Analysis of the Summit Login Nodes Usage Data

Ketan Maheshwari, Sean Wilkinson, Rafael Ferriera da Silva

Oak Ridge National Laboratory

Introduction

Summit is the leadership class supercomputer hosted by OLCF at Oak Ridge National Laboratory. Summit has 5 login nodes that act as gateways for users to use the supercomputer. We run processes that collect the login node usage data every hour since January 1, 2020. The data consists of the observed usage on Summit such as running processes, logged in users, scheduler jobs, state of the storage, system response time and more.

The system usage variations and patterns are affected by several internal and external factors. Some such factors are, day of week, day of month, change in working patterns due to the pandemic, conference and proposal deadlines and more.

It will be valuable for users as well as administrators of the system to understand such usage patterns so that a better overall design could be developed for load balancing, number of login nodes, login node specifications and more. The goal of such a design would be to offer an optimal experience to users using the login nodes to use Summit. Additionally, it would be valuable for stakeholders if future usage trends could be predicted from current usage data so that appropriate resource allocation may be made for the future systems acquisitions.

In this challenge, we offer to share the pseudonymized dataset and invite interested individuals and teams to solve 4 challenges that will shed light of critical usage patterns and future predictions.

Data Organization and Size

All the data is in plain text. The data consists of one file per login node per day for 2 years. Some files are missing due to Summit being under planned maintenance or unavailable for other or data collection process glitches reasons. Considering there are 5 login nodes on Summit, there are approximately 2 X 365 X 5 = 3650 files.

The files are organized into directories named as Monyyyy (eg. May2021) – there are 24 such directories, one per month for 24 months. Each file has the name of the login node and date. For example, the data for login3 on 22nd March 2021 is in Mar2021 directory and is named as login3.summit.olcf.ornl.gov.Mar22_2021.txt.
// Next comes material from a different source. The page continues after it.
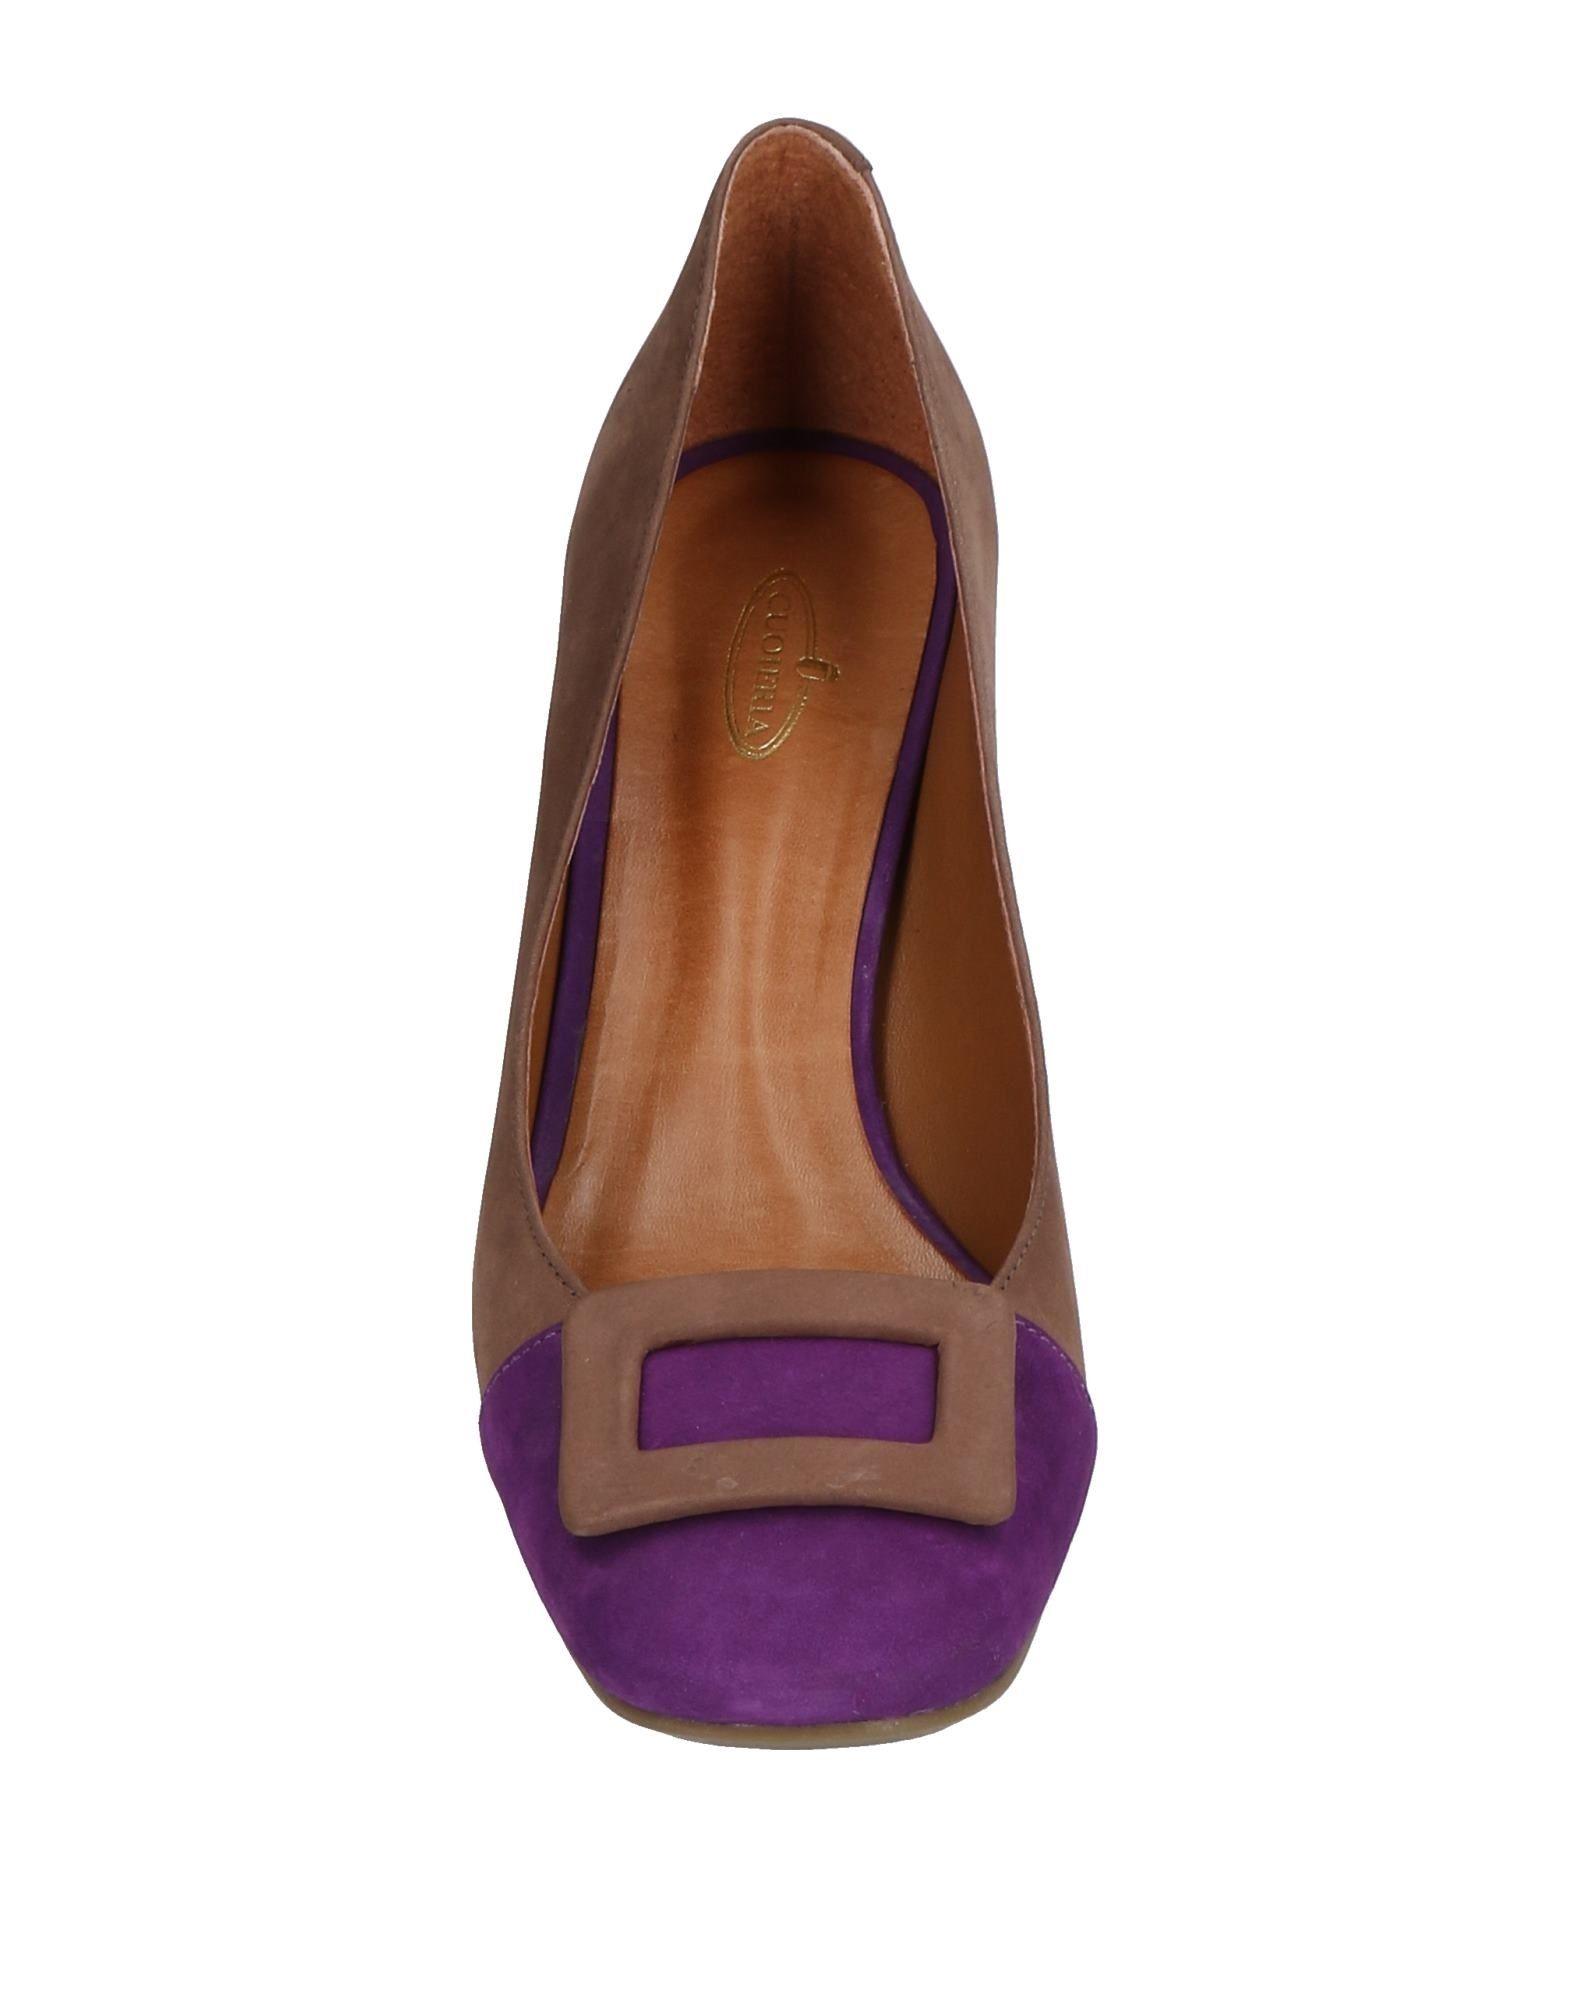 Cuoieria Gute Pumps Damen  11483349JN Gute Cuoieria Qualität beliebte Schuhe e8d679

File sizes varies and they are in order of 1-15 MBs each. The total size of the dataset is 20G uncompressed and 2.6G compressed. The dataset has approximately 51M lines of text.

The data in each file is organized in sections and subsections. There are 24 sections bound marked by the hour and “endsnap” in each file (with exceptions where the process was interrupted for some reasons). Each hourly section has 10 sections as follows:

  1. The output of the Unix w command bounded by “w –“ and “endw –“.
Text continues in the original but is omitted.